Runaway guard. Three identical calls in six turns and the loop exits with a targeted diagnostic — usually pointing at detect_webview when the target is Electron or WebView2 with a sparse accessibility tree.


Pipeline 2 — Direct tools: your AI decides

Every editor host (Claude Code, Cursor, Windsurf, Codex, Zed) and every headless agent with its own brain (OpenClaw, Claude Agent SDK, your own loop) uses this path. Your LLM picks the calls; clawdcursor supplies read-only context, safe actuation, and fresh observations from the real desktop. The same planning context Pipeline 1 gets for free is exposed to external brains through four read-only introspection tools (system.classify_task, system.app_guide, system.detect_app, system.system_prompt).

flowchart TB
    task["User task"] --> loop["External agent LLM loop<br/>plans, chooses tools, verifies"]
    loop --> context["MCP read-only context<br/>system_prompt · detect_app<br/>classify_task · app_guide"]
    context --> route{"Cheapest viable path"}

    route -- deterministic --> shortcut["Deterministic path<br/>window.open_*<br/>system.shortcuts_run"]
    route -- a11y first --> a11y["A11y path<br/>read_tree<br/>invoke · set_value · focus"]
    route -- webview / Electron --> webview["WebView bridge<br/>detect_webview<br/>relaunch_with_cdp<br/>browser.*"]
    route -- canvas / visual only --> vision["Vision fallback<br/>screenshot + external vision LLM<br/>coords back to computer"]
    route -- delegate subtask --> handoff["task({instruction:...})<br/>hand off to Pipeline 1"]

    shortcut --> safety
    a11y --> safety
    webview --> safety
    vision --> safety
    handoff --> p1["Pipeline 1 autonomous loop<br/>(daemon LLM only)"]
    p1 --> safety

    safety["Shared safety gate<br/>allow / confirm / block"] -- allowed --> tools["clawdcursor tool router"]
    safety -- needs user --> confirm["Human confirmation"] --> tools
    safety -- denied --> blocked["blocked"]

    tools --> desktop["Real desktop<br/>native app · browser · canvas"]
    desktop --> observe["Fresh observation<br/>a11y tree · OCR<br/>screenshot · CDP DOM"]
    observe --> verify{"Does state match goal?"}

    verify -- pass --> done["done"]
    verify -- fail --> retry["retry with new state"]

    classDef input fill:#f8fafc,stroke:#64748b,color:#0f172a;
    classDef agentNode fill:#dbeafe,stroke:#2563eb,color:#0f172a;
    classDef contextNode fill:#fef3c7,stroke:#d97706,color:#0f172a;
    classDef gate fill:#ede9fe,stroke:#7c3aed,color:#0f172a;
    classDef desktopNode fill:#dcfce7,stroke:#16a34a,color:#0f172a;
    classDef expensive fill:#ffedd5,stroke:#ea580c,color:#0f172a;
    classDef handoffNode fill:#d1fae5,stroke:#047857,color:#0f172a;
    classDef stop fill:#fee2e2,stroke:#dc2626,color:#0f172a;

    class task,done,retry input;
    class loop,verify agentNode;
    class context,route contextNode;
    class safety,confirm,tools gate;
    class desktop,observe desktopNode;
    class shortcut,a11y,webview,vision expensive;
    class handoff,p1 handoffNode;
    class blocked stop;

The four phases:

  1. Load context — yellow.

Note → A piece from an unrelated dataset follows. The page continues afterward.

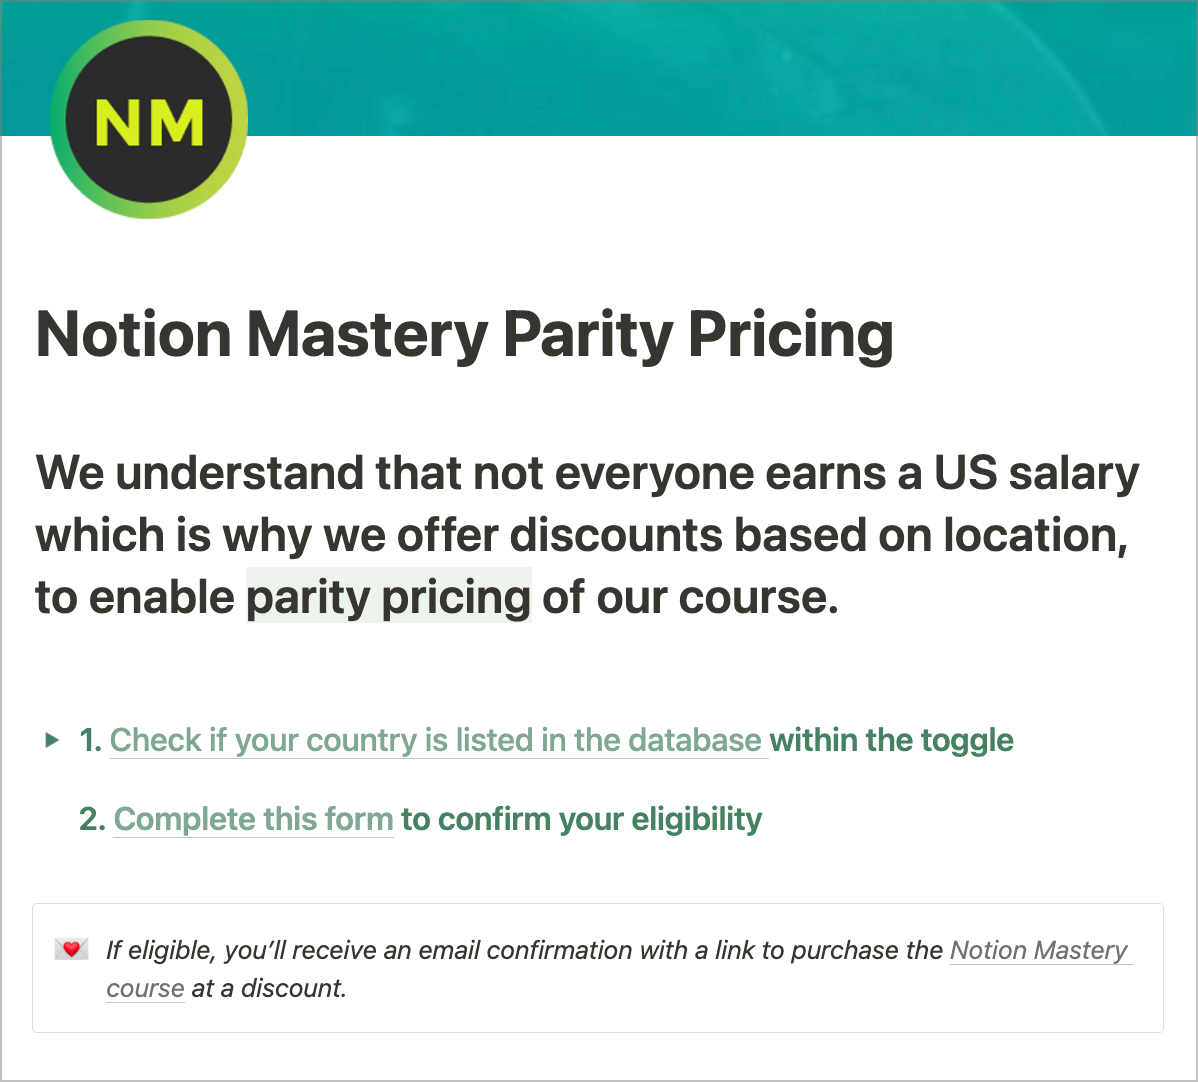 The Notion page we share with information about parity pricing.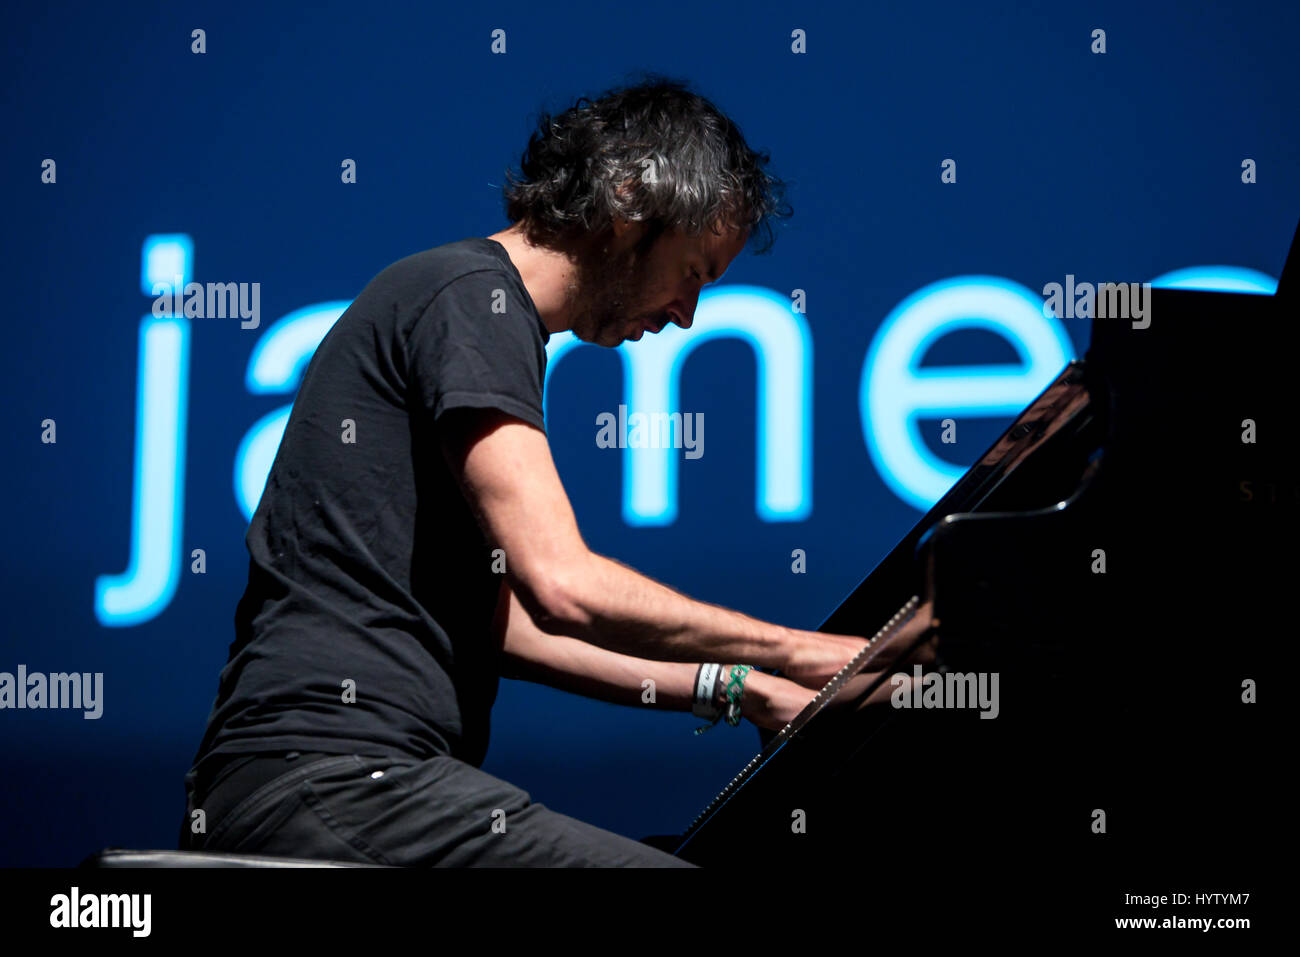 BARCELONA - JUN 16: James Rhodes (pianist and writer) performs in concert at Sonar Festival on June 16, 2016 in Barcelona, Spain. Stock Photo

Call system({"action":"system_prompt"}) once if you want clawdcursor's operating stance, then call system({"action":"detect_app","urlOrTitle":"..."}) and system({"action":"classify_task","task":"...","activeWindowTitle":"..."}) on turn 1. If an appKey comes back, follow with system({"action":"app_guide","app":appKey}) and paste the returned promptFragment into your own LLM's system prompt. That's how you inherit clawdcursor's app expertise without running its autonomous loop.

  2. Pick the cheapest viable path — yellow to orange:

    • router → deterministic shortcuts. window.open_app, window.open_url, system.shortcuts_run. No LLM call needed.

    • playbook → canned keystroke sequence (compose-send, find-replace) via computer.key + accessibility.invoke.

    • blind / hybridaccessibility.read_tree first, then accessibility.invoke / set_value / focus on named targets.

  3. Execute through the shared safety gate — purple. Every action call goes through safety.evaluate() before it touches the desktop. Allowed calls run immediately, sensitive calls ask for human confirmation, and blocked calls stop there. This is true for external agents and the built-in autonomous loop.

  4. Escalate and verify from fresh observations — green/orange:

    • Sparse a11y tree → system.detect_webview. If Electron / WebView2, use system.relaunch_with_cdp when needed, then jump to browser.* for real DOM access via CDP.

    • Canvas-only apps (Paint, Figma, games) or detect_webview returns nothing → computer.screenshot + YOUR vision LLM + computer.click at coords. T4 cost; last resort.

    • After every action, re-read the active window title + a11y tree + OCR, and add screenshot/CDP DOM only when the cheaper signals are not enough. If the result doesn't match expectations, loop back with the new state. If it does, emit done.

Hand-off to Pipeline 1 — the green node. When the daemon has an LLM configured, your external brain can delegate at any point by calling task({"instruction":"…"}). clawdcursor's preprocessor classifies the subtask, runs the autonomous rung ladder, verifies the result, and reports back. Useful for app-specific work you don't want to burn your own LLM context on (e.g. "open Outlook and reply to Sarah's latest about budget"). Pipeline 1's verifier still gates the success report — your brain receives success: true only after ground-truth checks pass.

Hard guarantee. Every tool call — whether Pipeline 1's preprocessor picked it, your external brain picked it, or it came in through a task({...}) hand-off — flows through the same safety.evaluate() chokepoint. Sensitive actions (sends, deletes, blocked keyboard combos) hit confirm/block exactly the same way on every path.


Transports

One protocol — MCP — two transports. Same catalog, same JSON-RPC envelope.

Transport

When to use

Client config

stdio MCP

Editor hosts: Claude Code, Cursor, Windsurf, Zed. Tools appear on demand — no daemon.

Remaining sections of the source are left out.